##### DATA BELOW
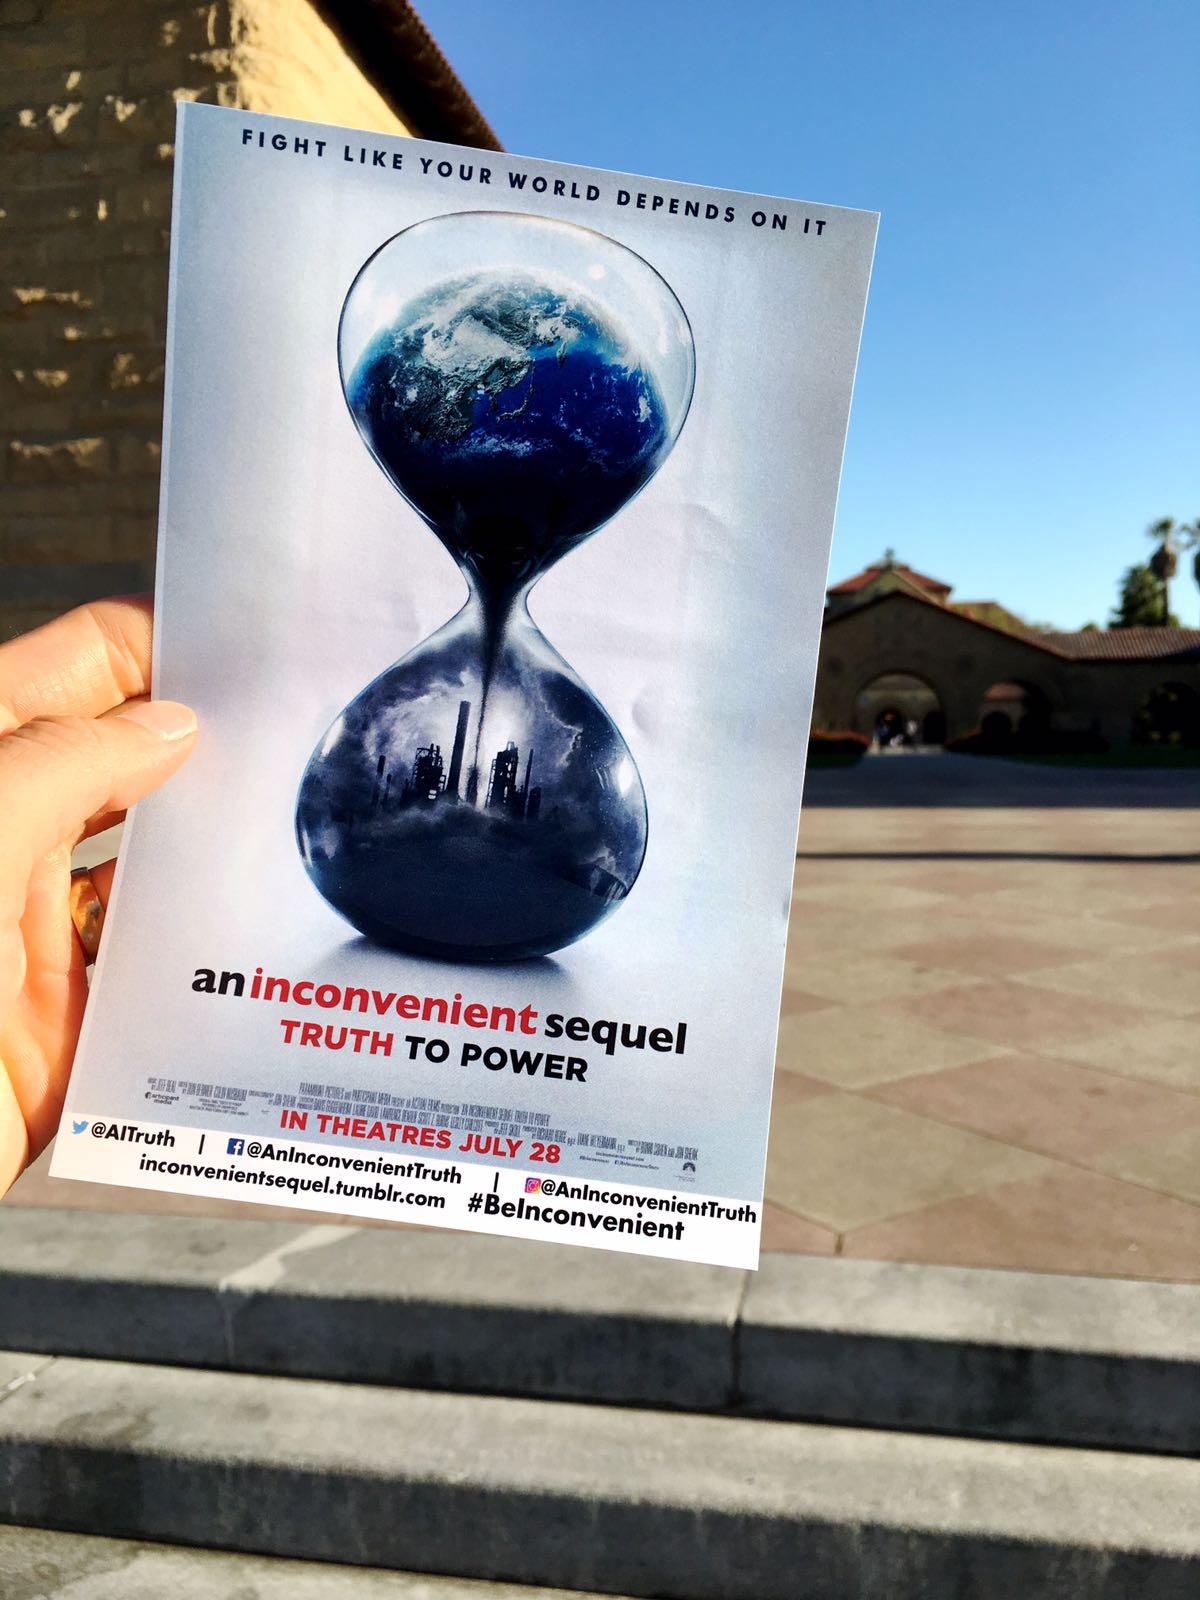 Linn Gustafsson San Francisco Stanford An inconvenientsequal - Truth to power with Al Gore
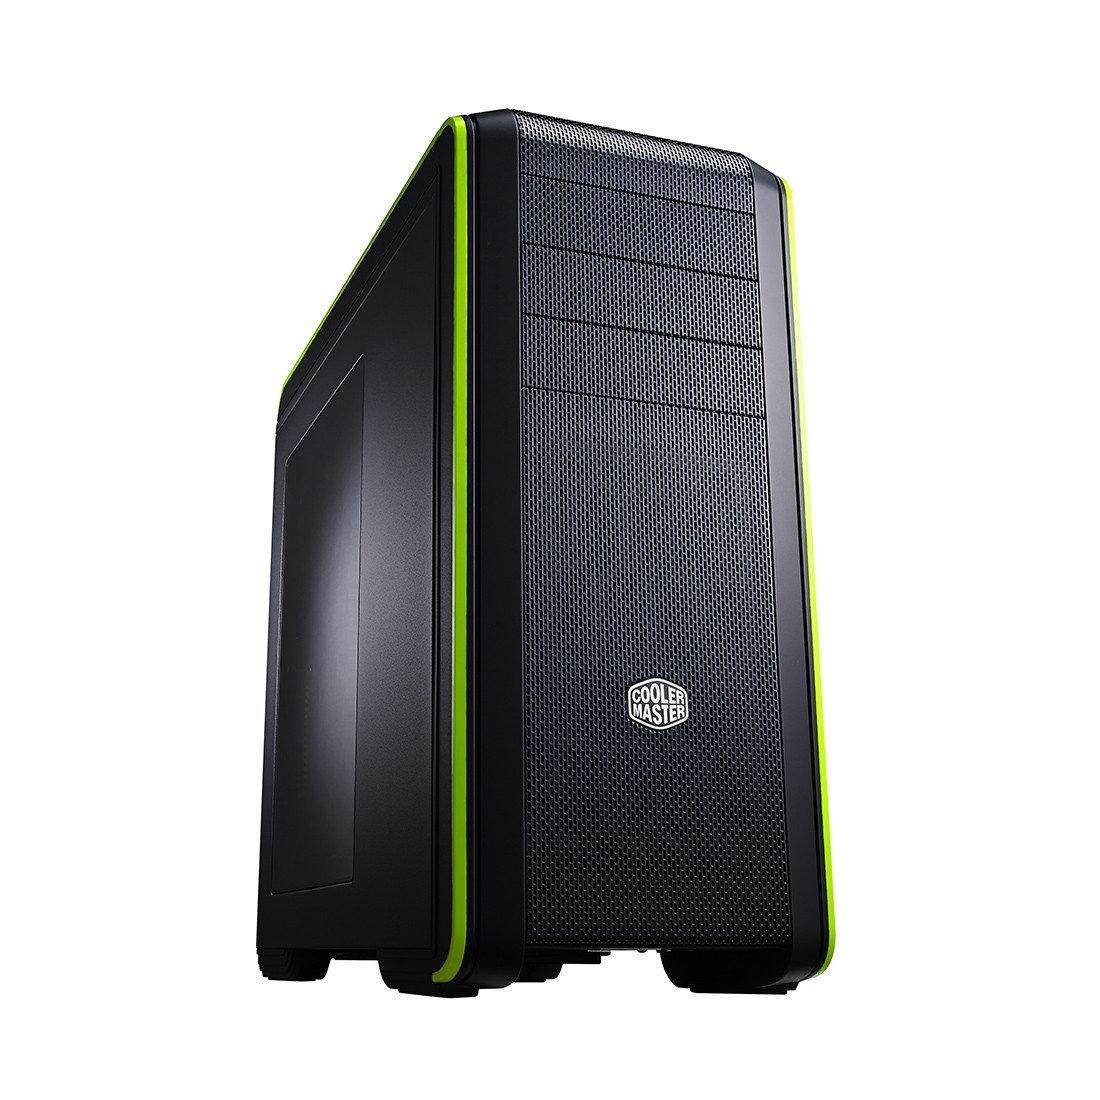 Системный блок Intel Core i3-8100 3.6GHZ/H310/DDR4 8GB/HDD 1TB/450W
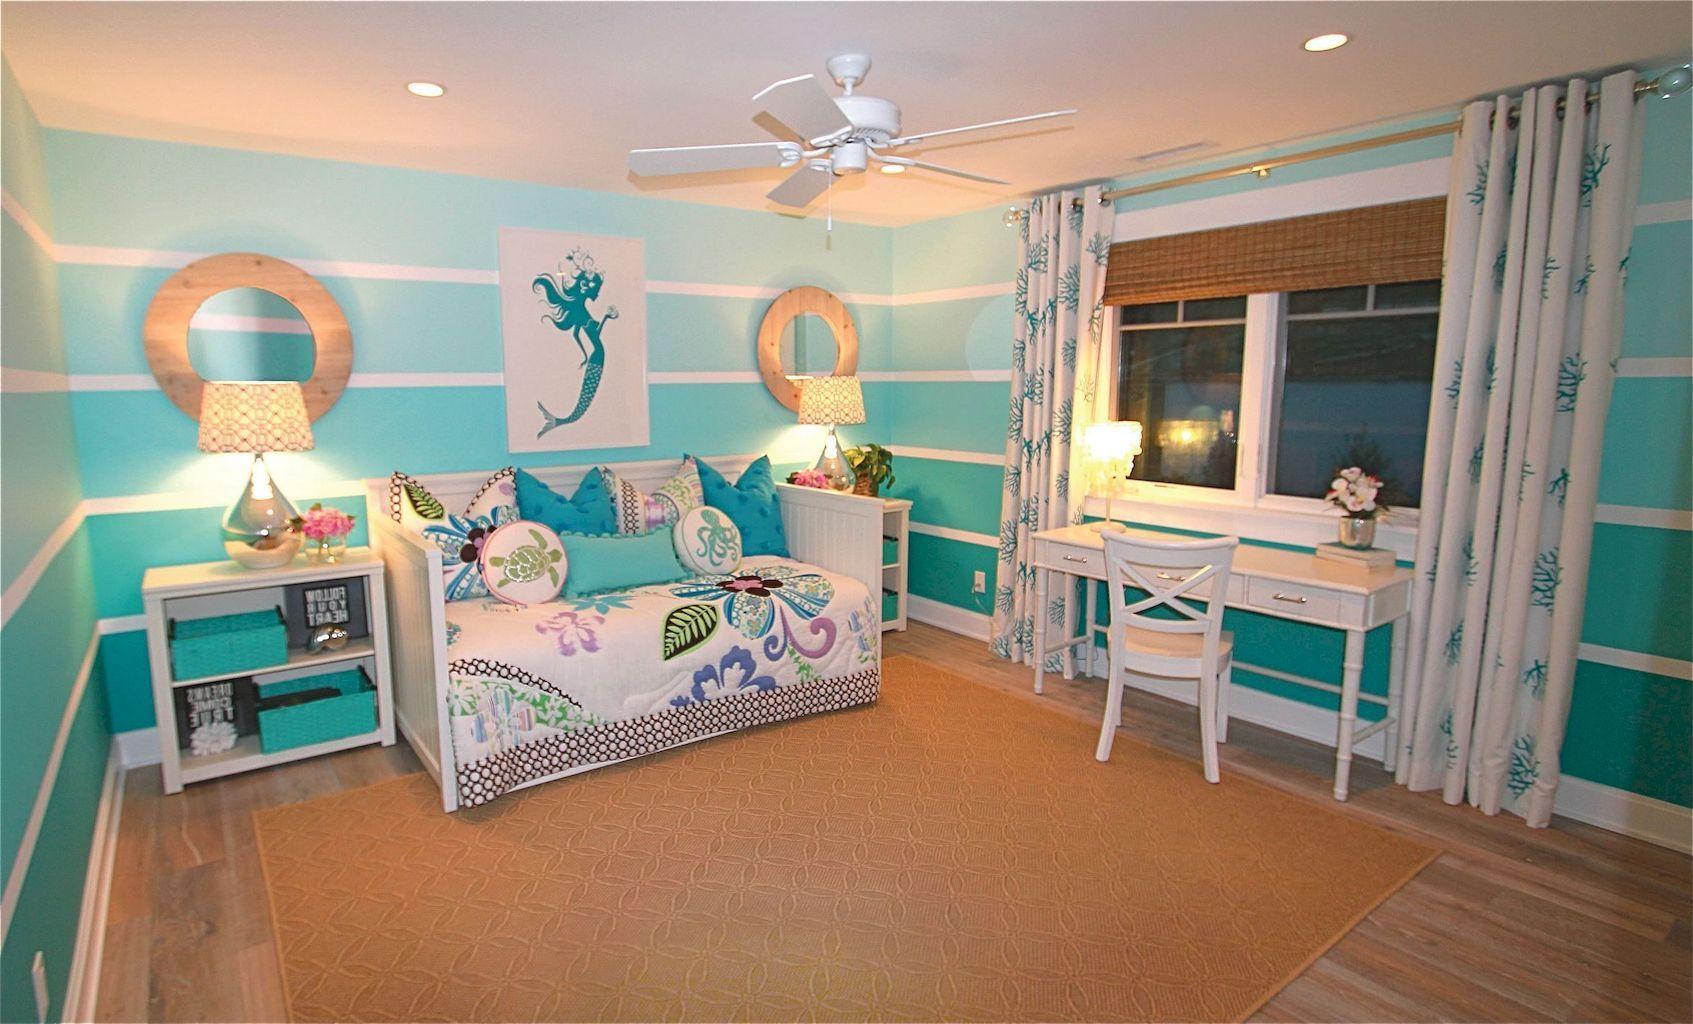 80 Cool Beach Bedroom Design Ideas images
##########
PROBLEM DESCRIPTION: Print the listing word for word but skip its pictures.

RESPONSE TO THIS TASK:
 Linn Gustafsson San Francisco Stanford An inconvenientsequal - Truth to power with Al Gore
 Системный блок Intel Core i3-8100 3.6GHZ/H310/DDR4 8GB/HDD 1TB/450W
 80 Cool Beach Bedroom Design Ideas images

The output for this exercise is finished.